The process of the Service Requester consists of four phases: requirements specification, configuration, buying & using, rating.
The process starts with creating a new request. Service Requesters conduct a dialog with a chatbot, where they describe the functional and non-functional requirements of their tailor-made service composition. The chatbot extracts a machine-readable request specification from requester’s answers and sends them to the Market Provider. The Market Provider broadcasts the Service Requests to all OTF Providers via a self-stabilizing Publish-Subscribe system. The OTF Providers respond with a confidence score that estimates how well they can solve the problem. Based on this confidence score and the overall reputation of the OTF Providers, the Service Requester chooses one OTF Provider from whom he wants to receive offers.

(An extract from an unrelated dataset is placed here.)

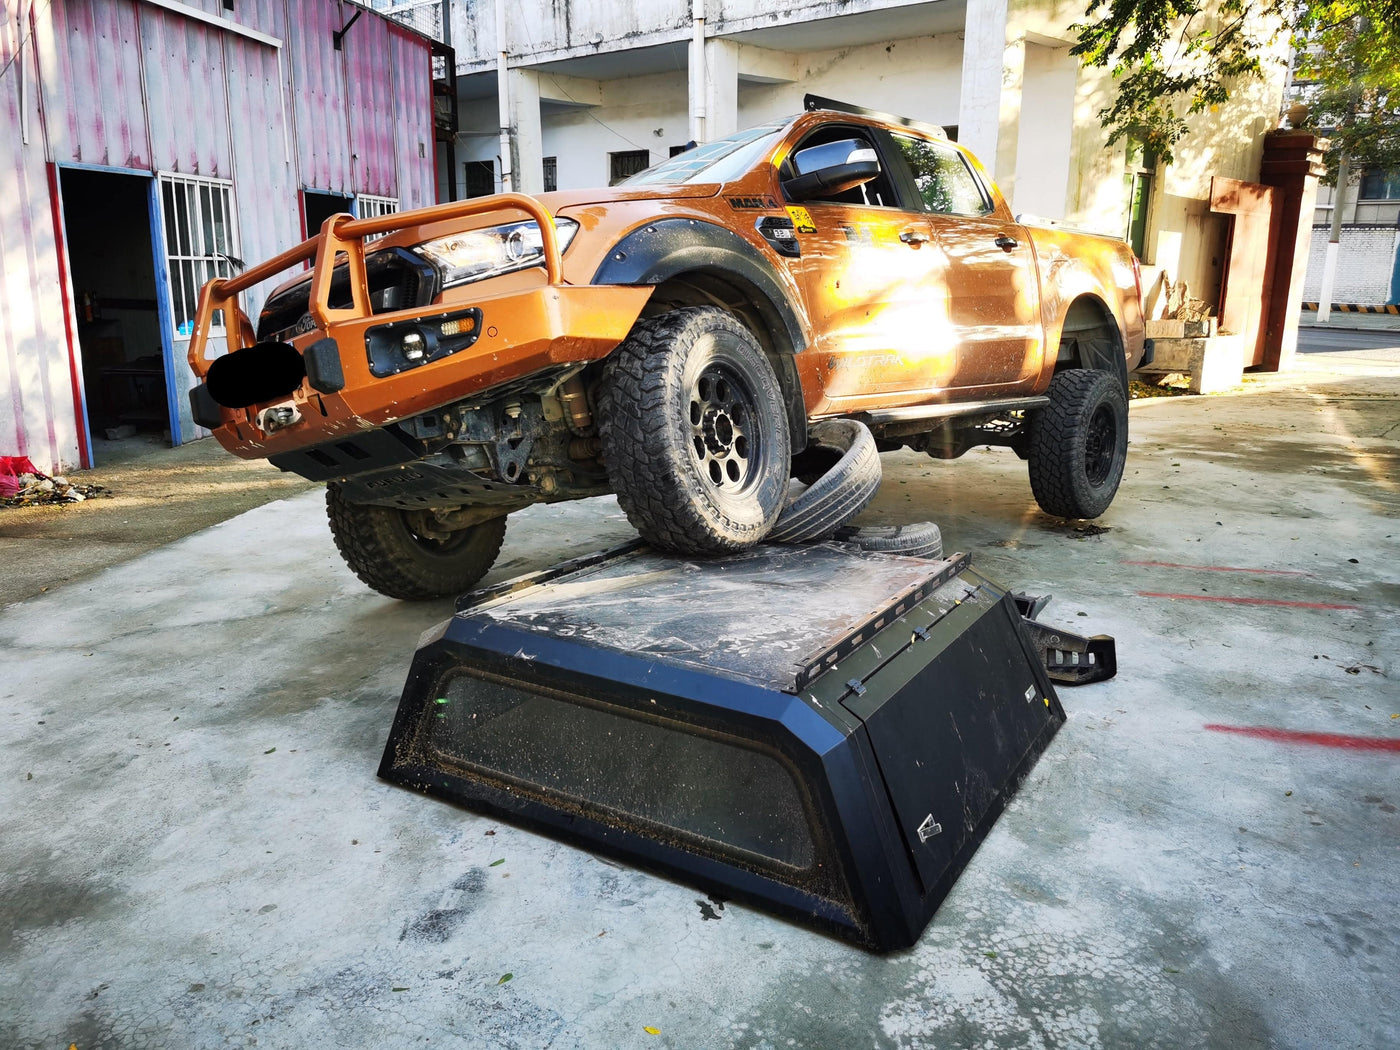 Amazon Steel Tub Canopy Suits Ford Ranger & Raptor

The configuration process starts and the Service Requester can inspect the progress of the request. The OTF Provider uses templates for Machine Learning Pipelines and fills the placeholder of the templates with basic services by using a heuristic search. The configuration search space is visualized as a graph. Every node represents a concrete Machine Learning Pipeline.
Buying and Using
After the configuration process is done, the OTF Provider offers the Machine Learning Pipelines to the Service Requester. The offers differ in their non-functional properties and the Service Request chooses the offer that best fits his needs and buys the service composition. The composition is automatically deployed in the Computer Center, where it is ready to be used. An access control prevents that unauthorized third-parties can use the service composition.
Finally, Service Requesters can rate their service composition and share their experience with other Service Requesters.